╭──
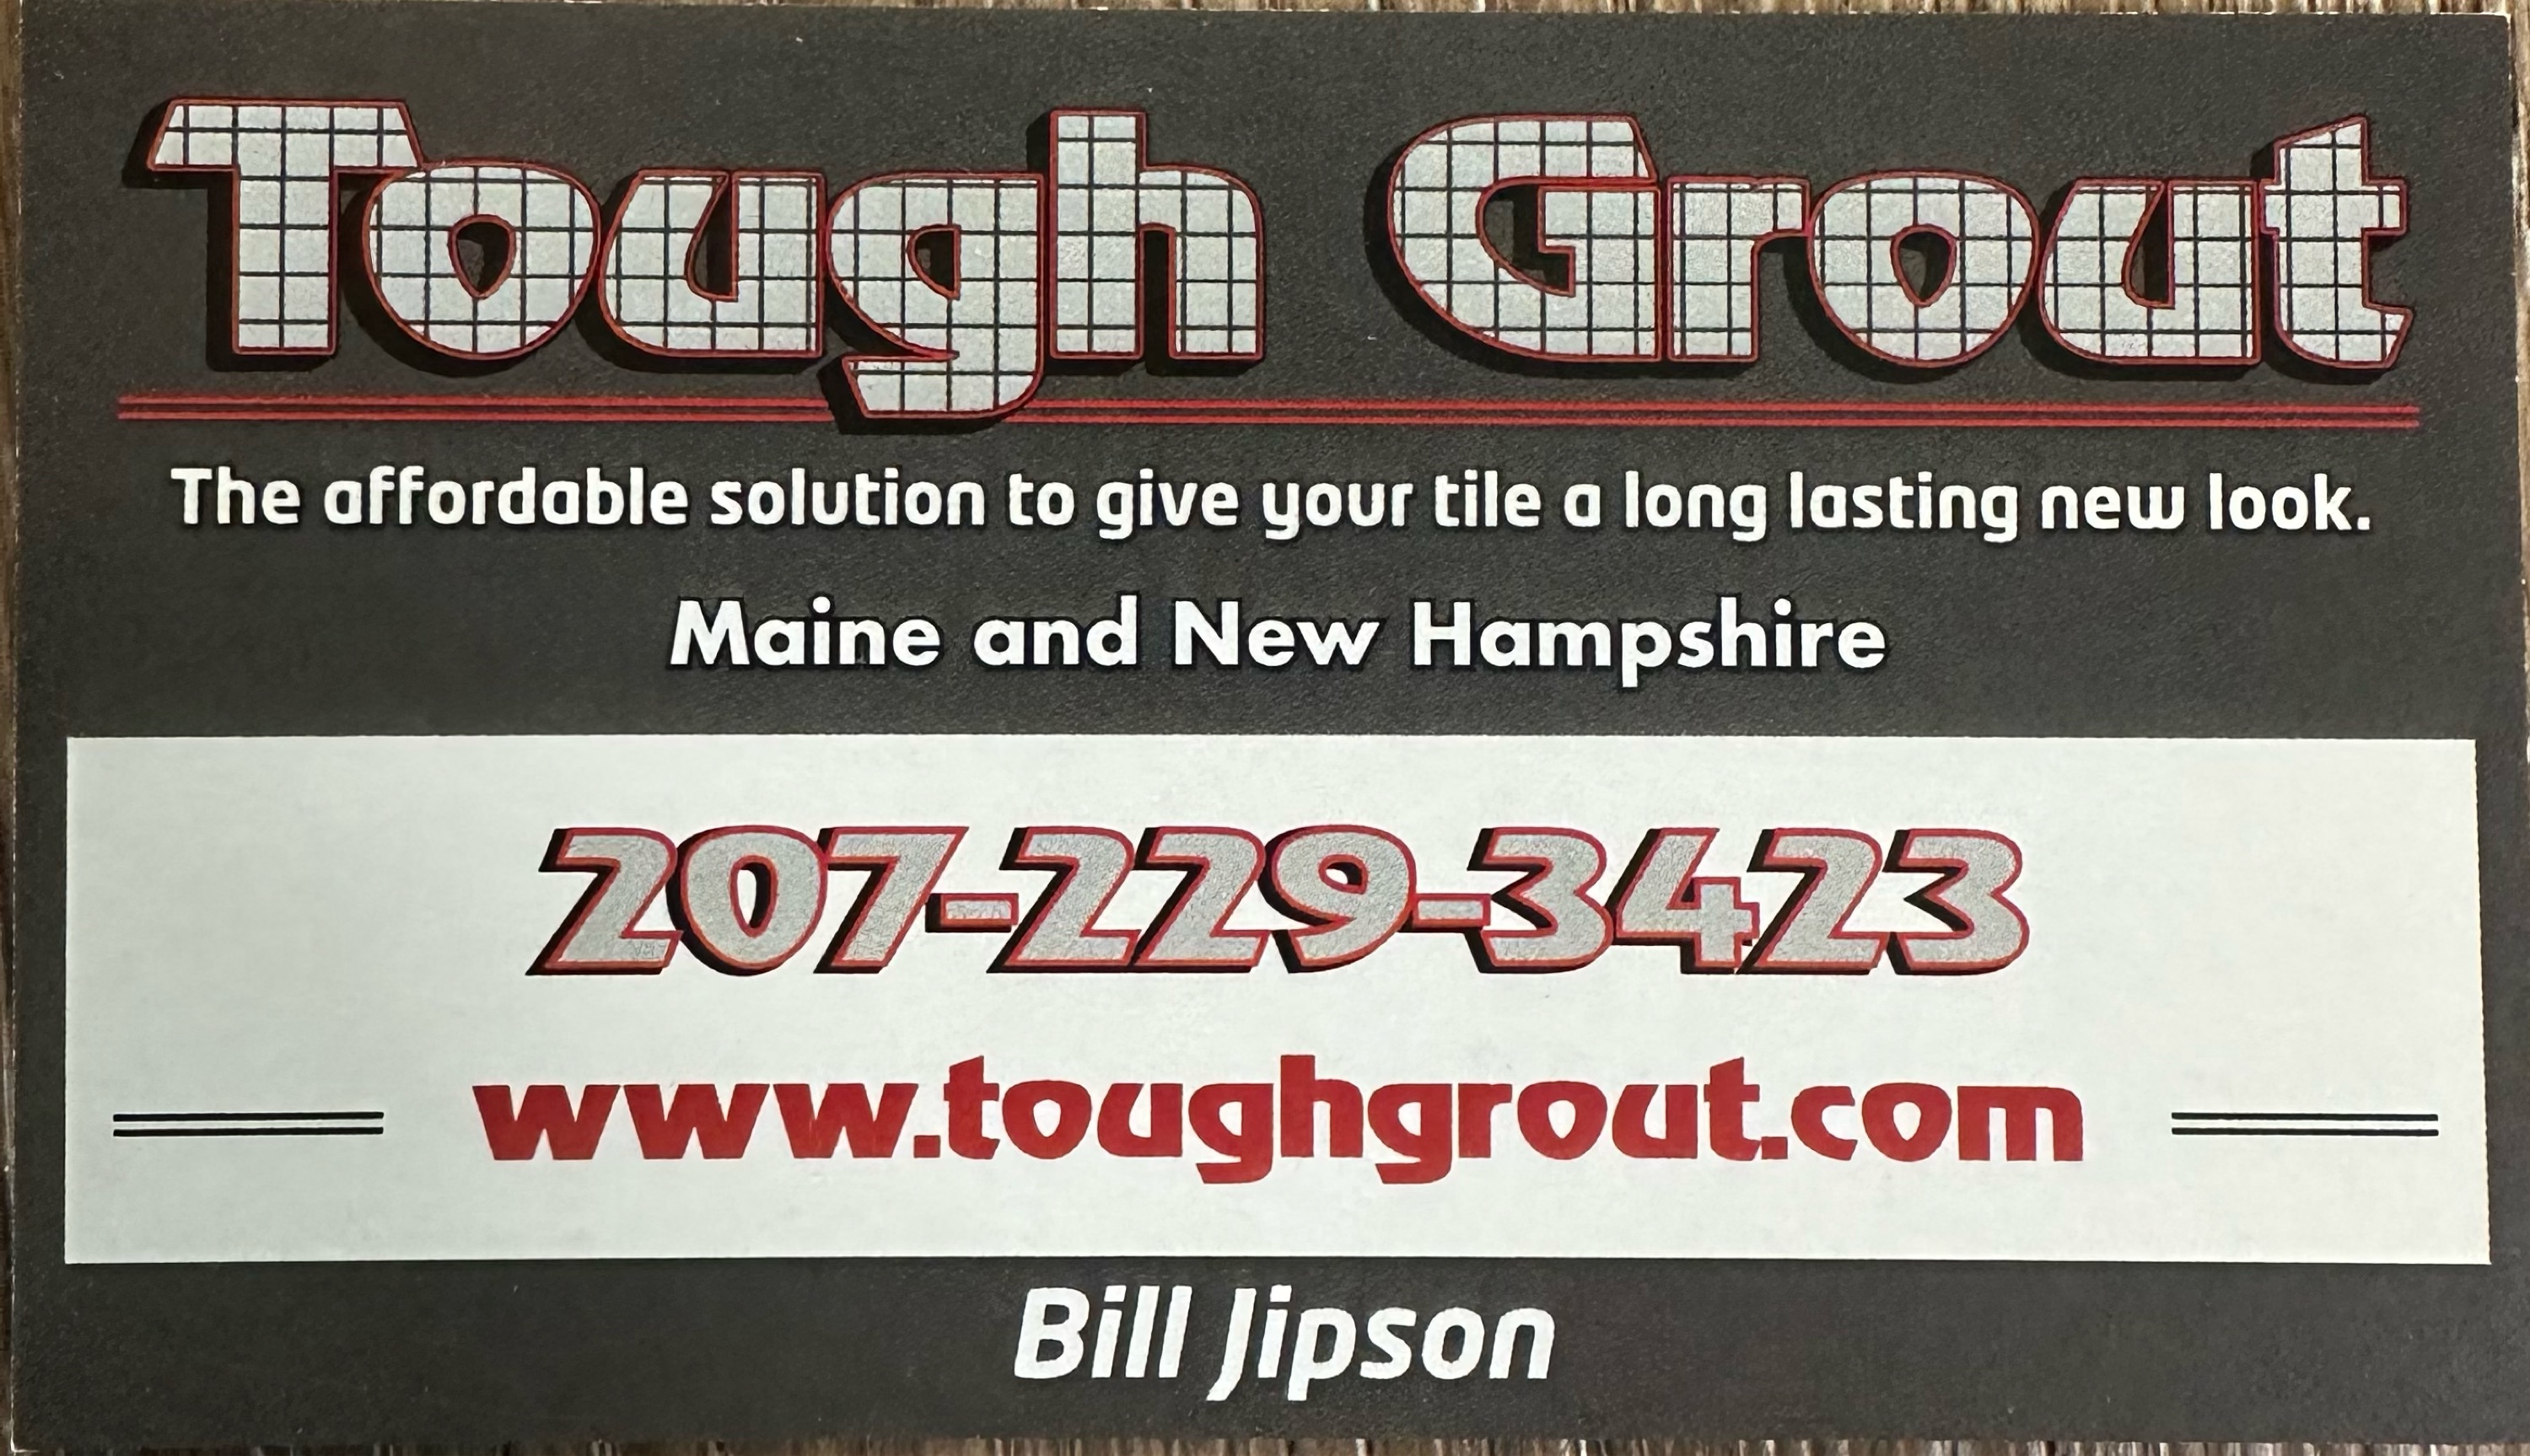 Tough Grout, LLC Logo
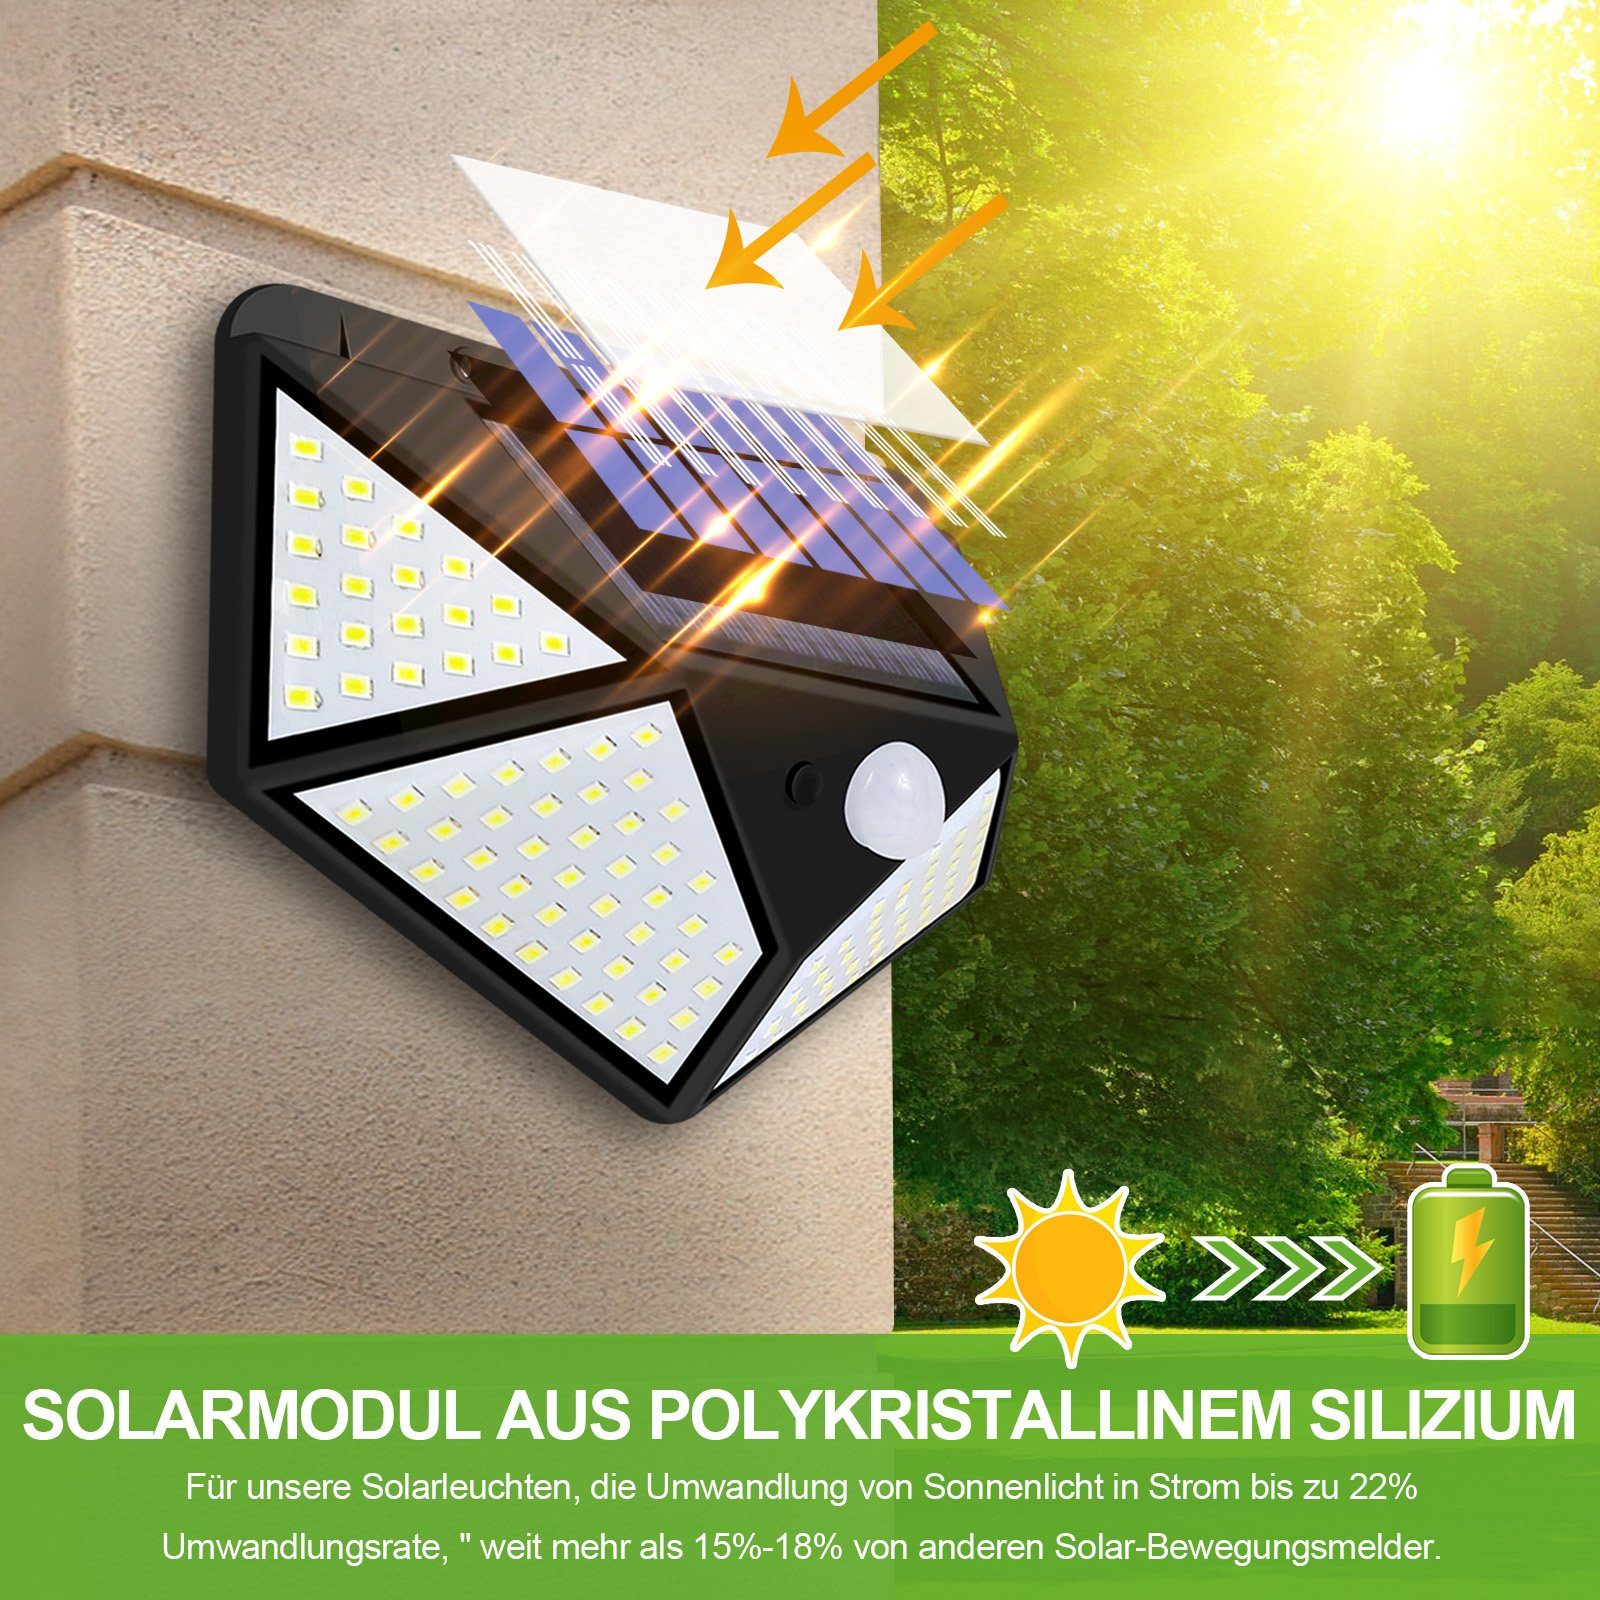 Sunicol LED Außen-Wandleuchte 128 LEDs Garten, Solarlampen,PIR-Bewegungssensor, Außenwandleuchte weitwinklige Ausleuchtung IP65 300° Tageslichtweiß, Wasserdicht
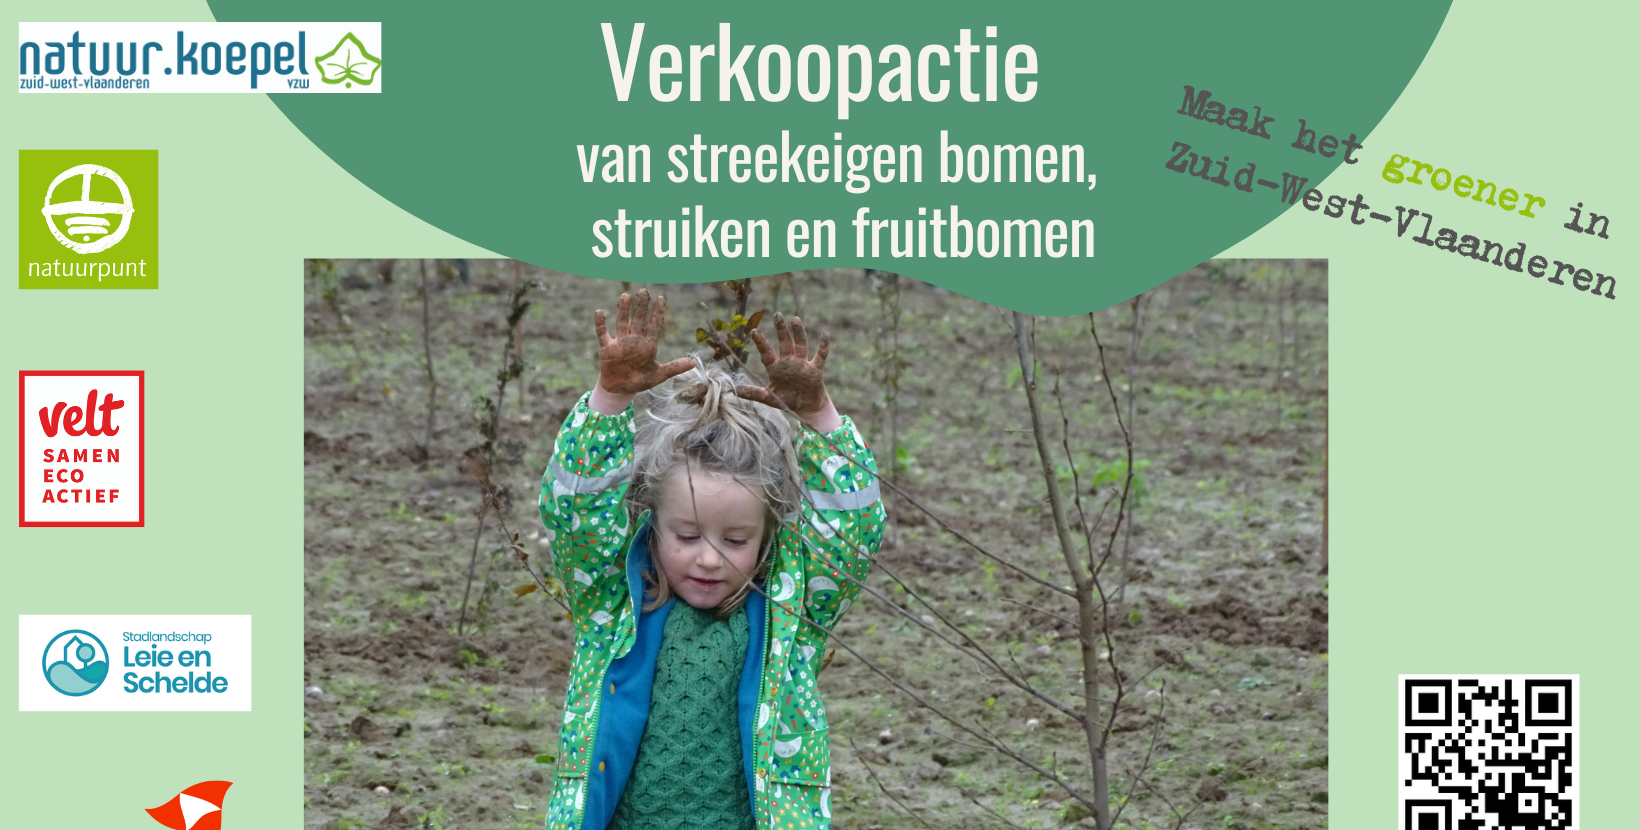 Maak het groener in Zuid-West-Vlaanderen_FB banner
╰──
→ WHAT TO DO
Extract all the data above exactly, excluding every picture.

→ WRITTEN SOLUTION
 Tough Grout, LLC Logo
 Sunicol LED Außen-Wandleuchte 128 LEDs Garten, Solarlampen,PIR-Bewegungssensor, Außenwandleuchte weitwinklige Ausleuchtung IP65 300° Tageslichtweiß, Wasserdicht
 Maak het groener in Zuid-West-Vlaanderen_FB banner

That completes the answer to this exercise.